From: Eric Dumazet <edumazet@...gle.com>
Date: Mon, 8 May 2023 19:08:58 +0200
> On Mon, May 8, 2023 at 6:58 PM Kuniyuki Iwashima <kuniyu@...zon.com> wrote:
> >
> > KCSAN found a data race in sock_recv_cmsgs() [0] where the read access
> > to sk->sk_stamp needs READ_ONCE().
> >
> > Also, there is another race like below.  If the torn load of the high
> > 32-bits precedes WRITE_ONCE(sk, skb->tstamp) and later the written
> > lower 32-bits happens to match with SK_DEFAULT_STAMP, the final result
> > of sk->sk_stamp could be 0.
> >
> >   sock_recv_cmsgs()  ioctl(SIOCGSTAMP)      sock_recv_cmsgs()

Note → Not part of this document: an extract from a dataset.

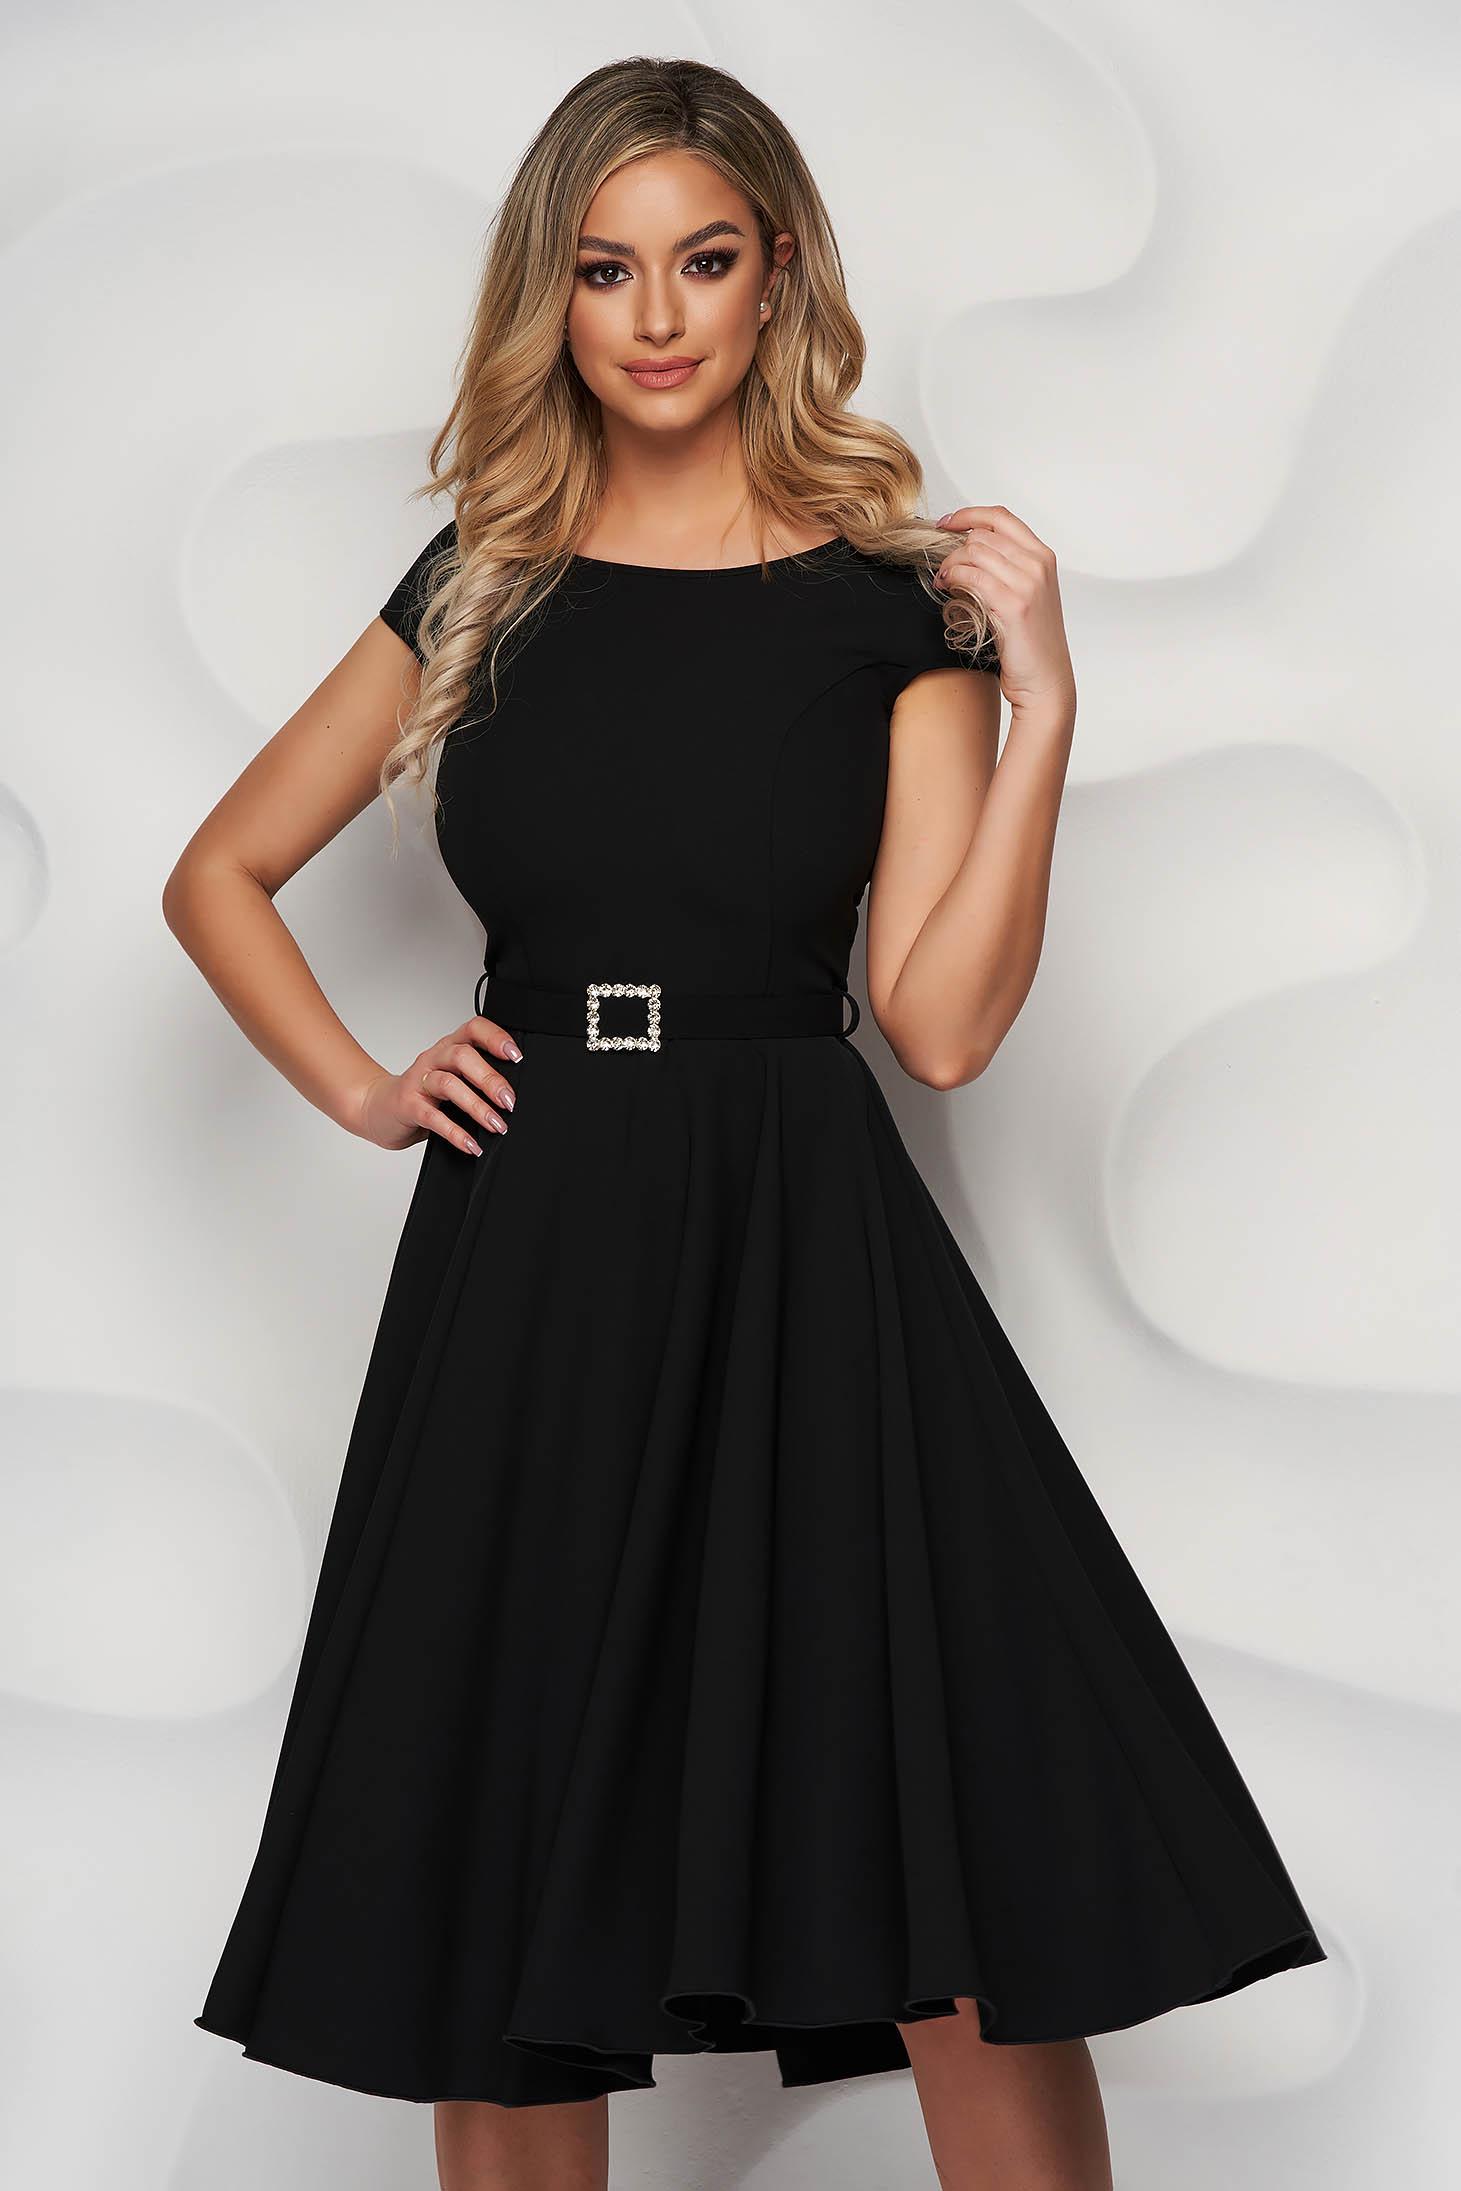 StarShinerS black dress elegant midi cloth accessorized with a waistband

> >   |                  |                      |
> >   |- if (sock_flag(sk, SOCK_TIMESTAMP))     |
> >   |                  |                      |
> >   |                  `- sock_set_flag(sk, SOCK_TIMESTAMP)
> >   |                                         |
> >   |                                          `- if (sock_flag(sk, SOCK_TIMESTAMP))
> >   `- if (sk->sk_stamp == SK_DEFAULT_STAMP)      `- sock_write_timestamp(sk, skb->tstamp)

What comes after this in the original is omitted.